**What you are asked to do**
Please give back word for word the lines of the material below between the line containing "Tủ Locker 12 Ngăn BEMC" and the line containing "不気味で可愛いホラーオーケストラの再生済みの波形", inclusive.

**Extracted information**
◆ ◆ ◆

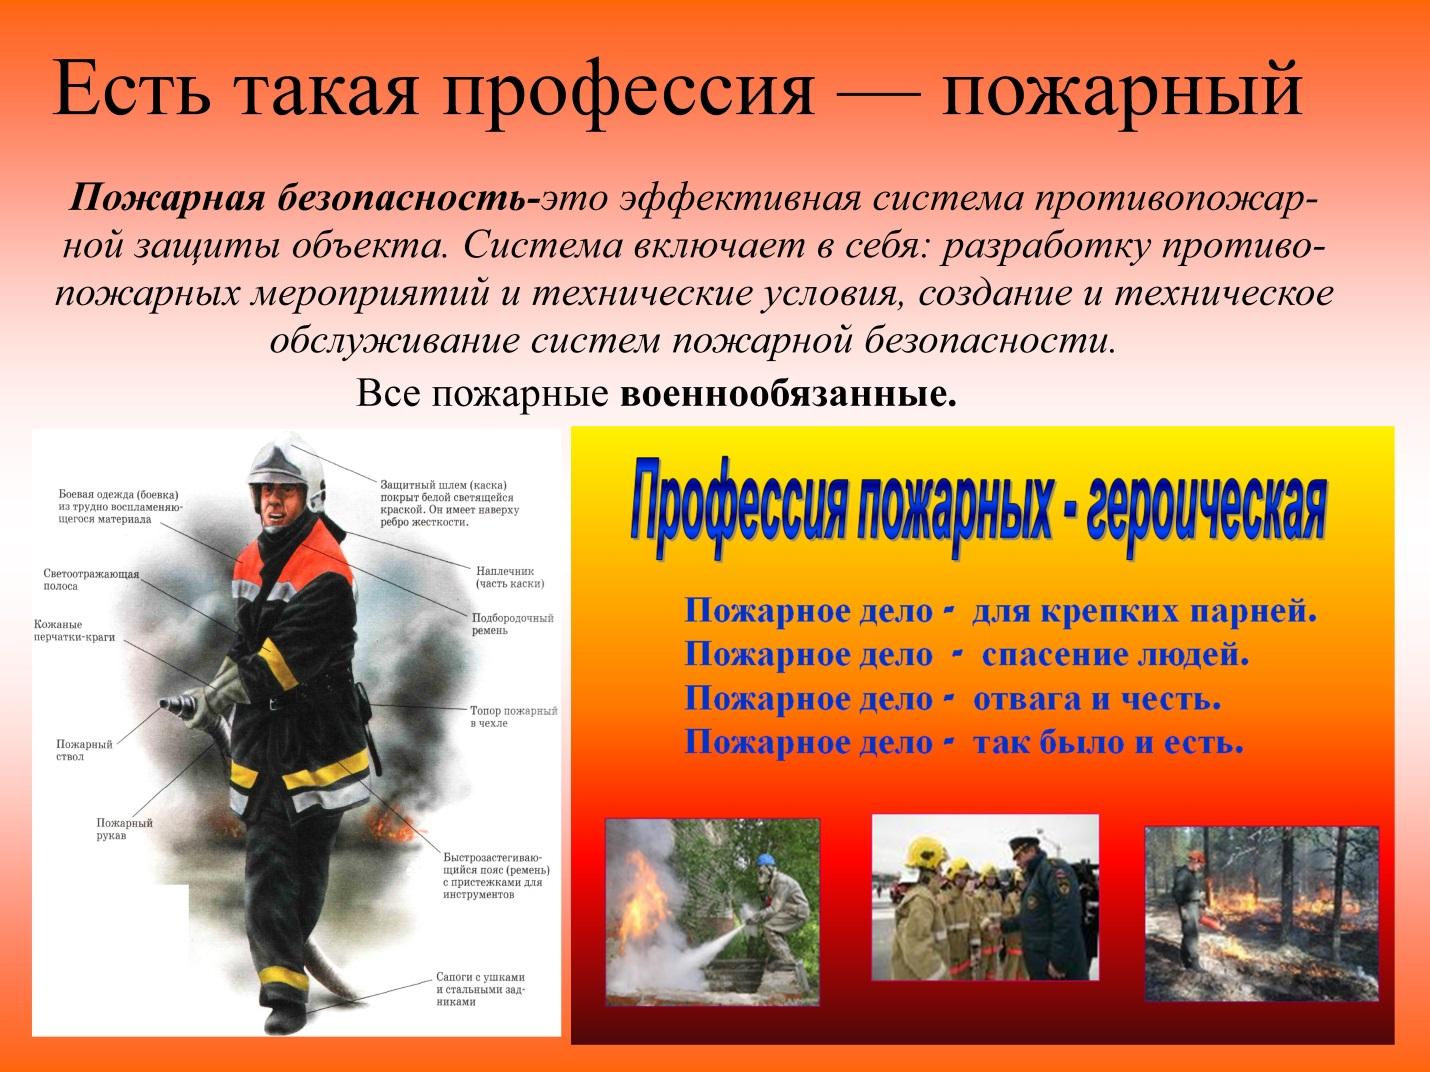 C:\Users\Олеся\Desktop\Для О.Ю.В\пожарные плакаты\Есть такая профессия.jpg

◆ ◆ ◆

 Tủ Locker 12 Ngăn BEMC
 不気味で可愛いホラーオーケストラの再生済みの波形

◆ ◆ ◆

**Result for this task**
 Tủ Locker 12 Ngăn BEMC
 不気味で可愛いホラーオーケストラの再生済みの波形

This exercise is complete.